In the 1990s, country musician Kristian Bush released four albums with Andrew Hyra as the alternative folk rock band Billy Pilgrim. Bush recovered an unreleased album of music in 2020, which he had remastered and released that year. During the government mandated lockdowns in response to the COVID-19 pandemic, Bush continued to release undocumented and scrapped music from the 1990s up to his time in the band Sugarland. He created a YouTube channel to broadcast these songs on a 24/7 station. The experience inspired him to return to various song ideas from then to as early as 2006, which "was simply sitting in hard drives on [his] desk." Upon returning to his music career when COVID-19 restrictions subsided in 2022, Bush was encouraged to "reimagine setbacks as opportunities" and release 52 songs in one year in celebration of his 52nd birthday. Bush was inspired and motivated to do the project from country artist Vince Gill. Gill once released a four-record set consisting of forty songs, all of which were new; Bush thought the idea of releasing a large quantity of songs was exciting, especially for the audience.

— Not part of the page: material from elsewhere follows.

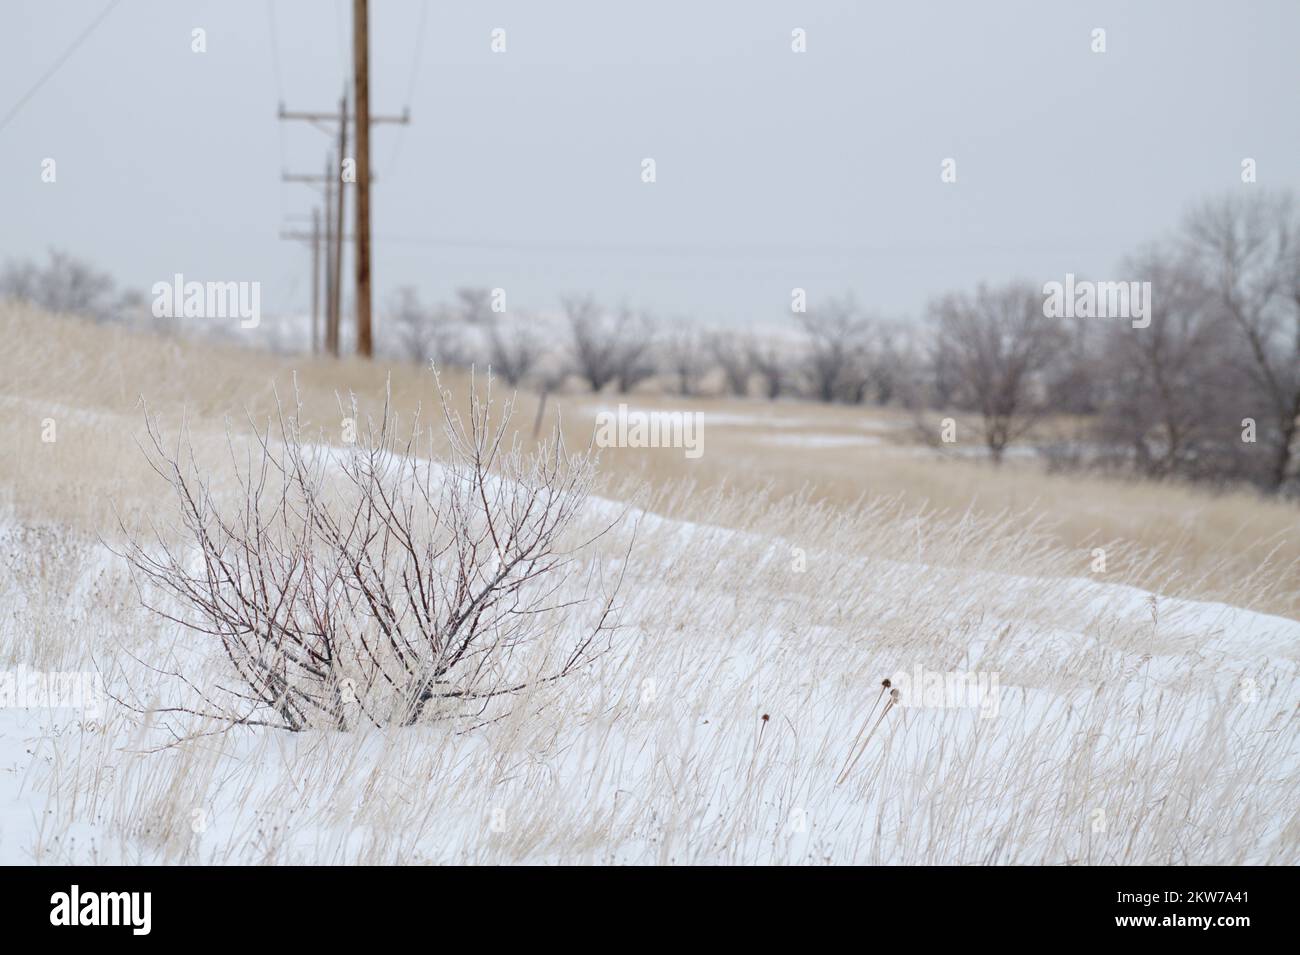 Ein kleiner Busch mitten im Winter in North Dakota. Dieses Bild zeigt die Anstrengungen, die das Leben unternimmt, um Widrigkeiten zu überwinden und sich daran anzupassen. Stockfoto

The 52 songs were selected from a collection of over 100 unreleased songs. Bush's brother Brandon helped advise the project and helped organize the songs into a coherent collection. The albums were all recorded in Bush's studio The Projector Room in Decatur, Georgia. Not finding a label for the project, Bush planned to release the series on his own. He contacted Scott Borchetta, the CEO of Sugarland's label Big Machine Records, and explained the project to keep him updated with his plans. To Bush's surprise, Borchetta was intrigued and supported the project. Borchetta suggested that the songs be released in four separate albums, so Bush did so, organizing the 52 songs into four groups. Bush also recorded a weekly podcast with music journalist Cindy Watts, 52-The Podcast, where he talked about the similarities between songs from the project and songs he worked on in the past. The podcast released once a week for 52 weeks.

== Albums ==
=== 52 | ATL x BNA ===

ATL x BNA is derived from music conceived from Bush's time in Nashville, Tennessee and Atlanta, Georgia. The album title is a cross of the IATA airport codes for the Hartsfield–Jackson Atlanta International Airport and the Nashville International Airport. A frequent traveler of both locations, Bush made the album to showcase his connections to the cities. 9 of the 10 songs on the album were co-written with Nashville songwriters, including Brett James, Bob DiPiero, Liz Rose, Jeffrey East, JT Harding, and Bobby Pinson. The recording sessions were done with R&B musicians from Atlanta, including Jorel "J-Fly" Flynn, Jerry Freeman, The Black Bettys, and Lionel Richie. The blend of country and R&B music was inspired from a live performance he did with his brother Brandon and Flynn in Atlanta, which he had fond memories of and wanted to recapture the energy with a mix of country music. Bush emphasized the use of pedal steel, horns, and drums. Borchetta described the album as following a line, the beginning of it featuring little R&B and the end entirely R&B, growing over the course of the album.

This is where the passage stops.